À evidência, qualquer que seja o presidente eleito, se não quiser ser tão incompetente como Nicolás Maduro, terá de fazer as reformas necessárias a um custo político muito maior do que se tivesse apoiado aquelas propostas no ano passado.
A dois meses e meio, porém, das eleições, nenhum dos candidatos apresentou um verdadeiro projeto para o Brasil, alguns, inclusive, apenas sugerindo voltarmos ao século 19 e à luta marxista de classes.

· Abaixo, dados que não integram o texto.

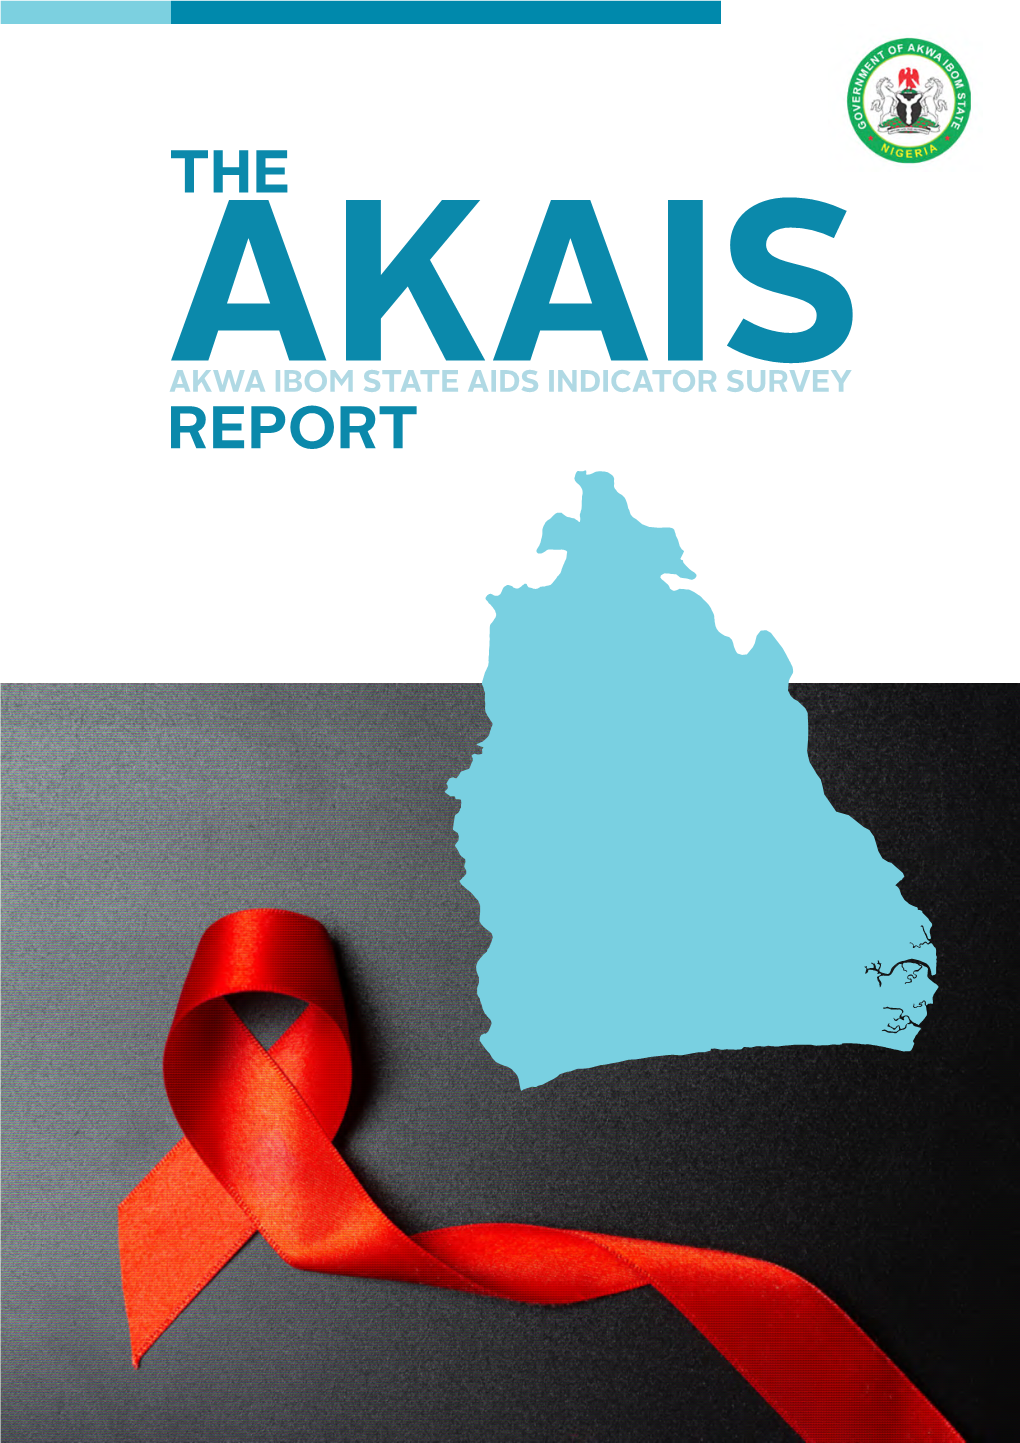 The AKAIS Report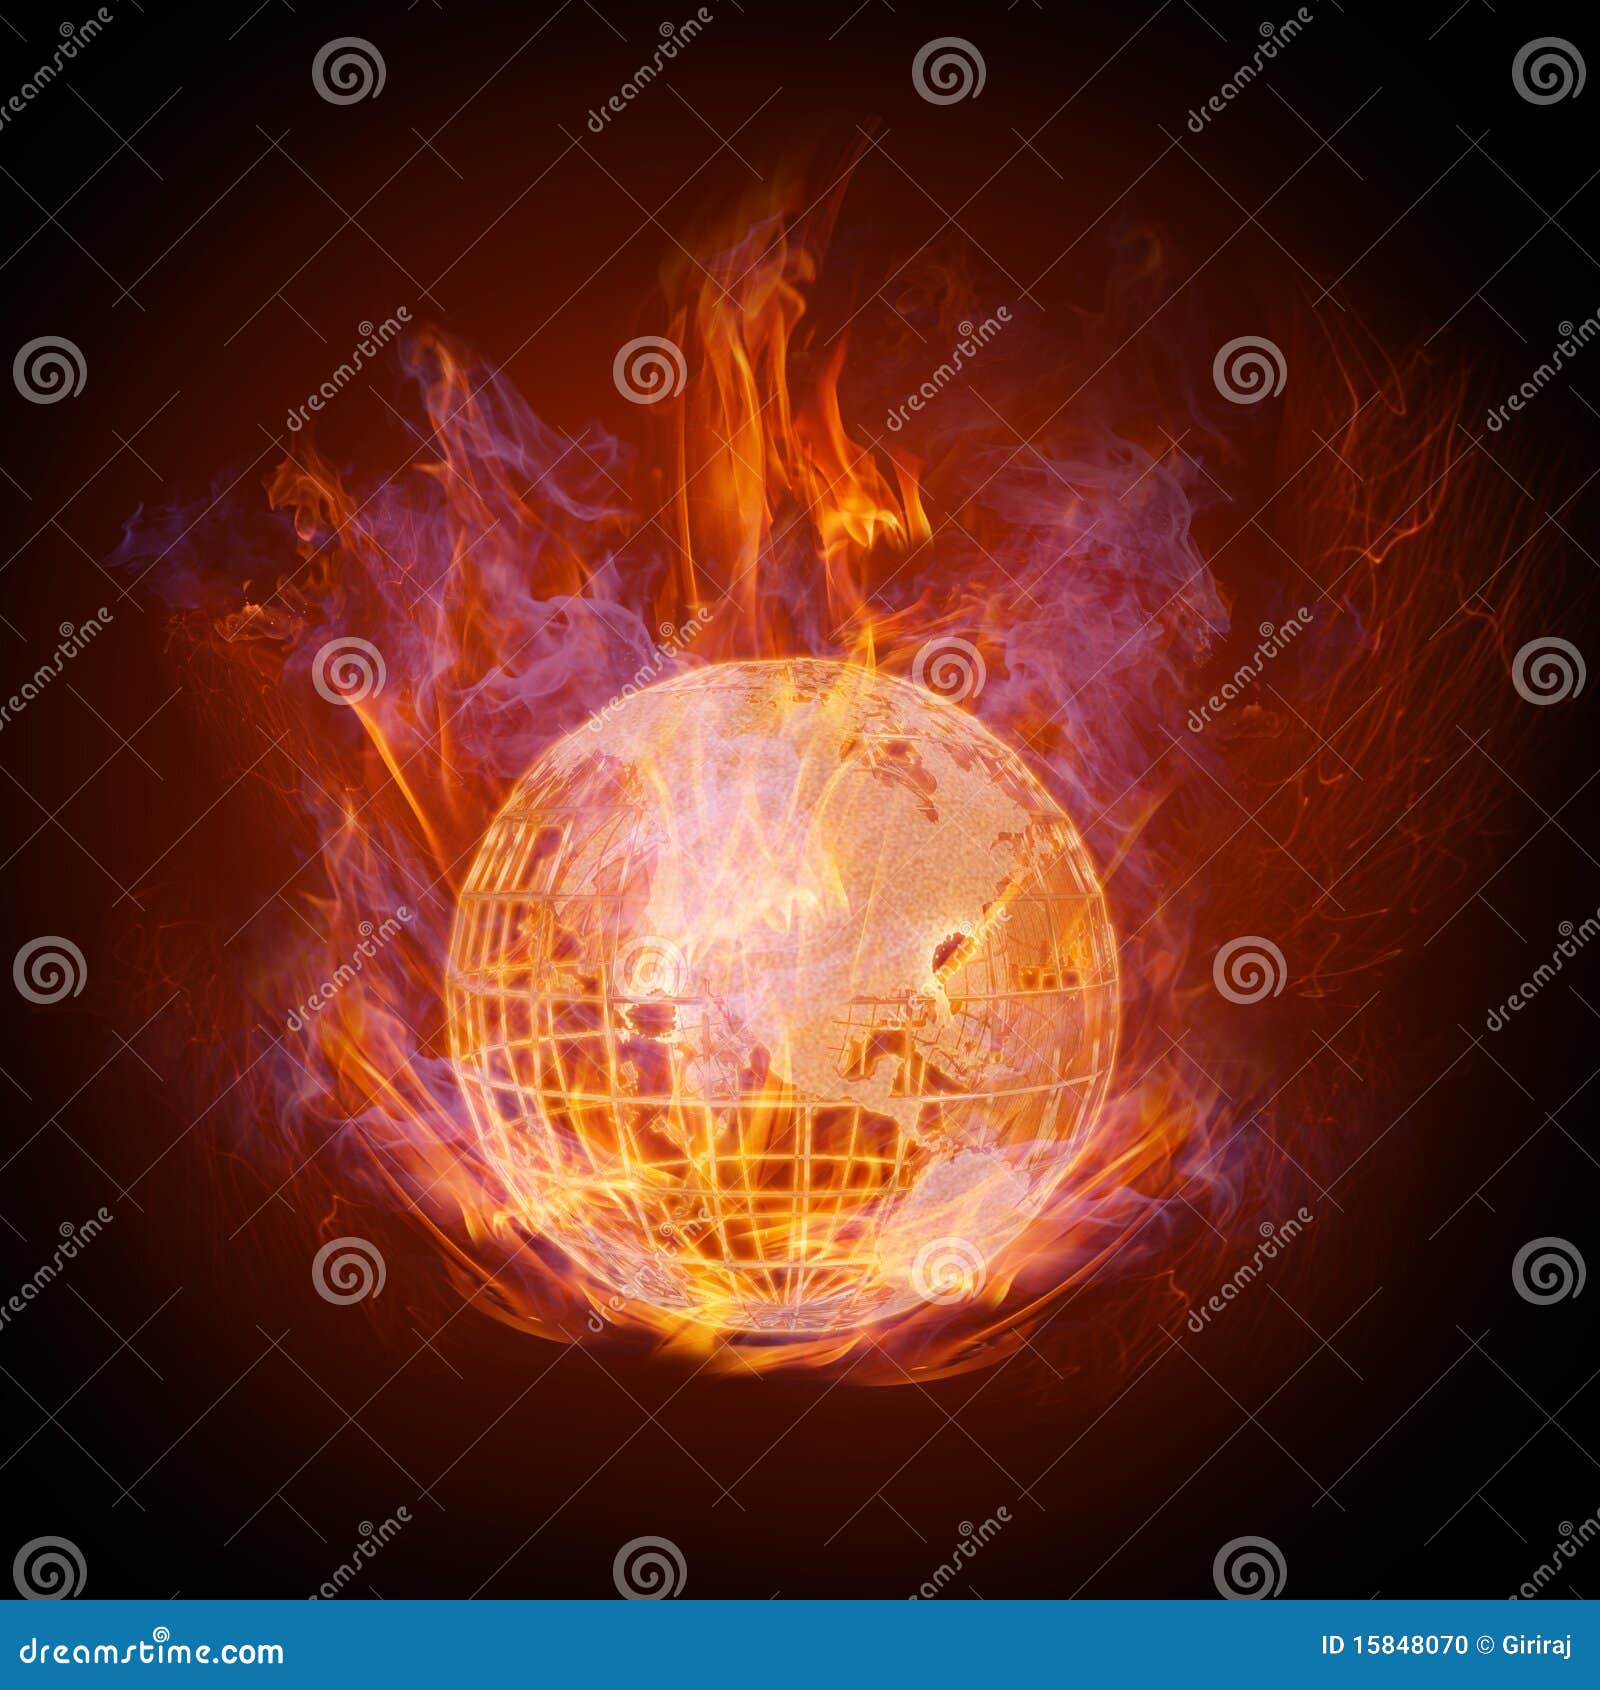 fire globe

Por outro lado, o Poder Judiciário, que ganhou visibilidade pública graças à TV Justiça – nos países desenvolvidos os debates judiciais, por serem técnicos, não são televisionados –, apesar da competência e da cultura dos ministros do pretório excelso, passou a exercer um protagonismo político antes inconcebível, sem ter para tanto representação popular ou ser vocacionado à política. Assim, assuntos típicos de administração pública, pertinentes ao Executivo ou de produção legislativa, própria de Parlamento, foram tratados muitas vezes monocraticamente, com impacto na gestão da coisa pública. Executivo e Legislativo, acuados por outros atores ávidos por exposição na mídia, tiveram seus agentes preocupados com sua defesa contra as acusações, muito mais do que com administrar e legislar.
É bem verdade que contra esta assunção de competências que não tem, apesar de exercer o Ministério Público função essencial à administração da Justiça, vem a Suprema Corte limitando o excesso de protagonismo, devolvendo aos delegados de carreira a função de polícia judiciária que lhes dá a Constituição (art. 144, § 4.º), permitindo-lhes firmar delações premiadas e responder diretamente ao magistrado, para quem atuam como vestíbulo das possíveis ações penais.
O certo é que neste quadro de excesso de protagonismo individual, instalado nos Três Poderes, e de falta de proposições consistentes por candidatos, em face do receio de indispor-se com segmentos da sociedade, o Brasil é uma nação à deriva, onde os Três Poderes são desarmônicos e sem real independência constitucional.
Creio que chegou o momento de a sociedade, por meio de suas instituições privadas, principalmente as dedicadas à reflexão política, econômica, jurídica e social, onde melhor se detectam os reais problemas nacionais, manifestar publicamente, por seus maiores expoentes, desvinculados de uma ambição política imediata, o que o Brasil efetivamente necessita, colocando na mídia seus pontos de vista, suas preocupações, suas ideias e suas propostas de soluções, a fim de que o vazio das propostas conhecidas até o presente seja substituído por algo que possibilite tirar o País da crise.
E não excluo a discussão ampla do papel do Brasil na crise econômica mundial gerada pelo presidente Donald Trump, que aparentemente beneficiou os EUA, num primeiro momento, mas que pela guerra comercial que está provocando acarretará problemas, no curto prazo, para o mundo e, no médio e no longo prazos, para os EUA. Apesar de o País estar entre as dez maiores economias do mundo, o certo é que o Brasil tem menos de 2% do comércio mundial, correndo um grave risco de, se o futuro presidente errar na fórmula a ser adotada, despencar nas preferências internacionais, por falta de segurança jurídica, planejamento econômico, estabilidade política e competitividade empresarial.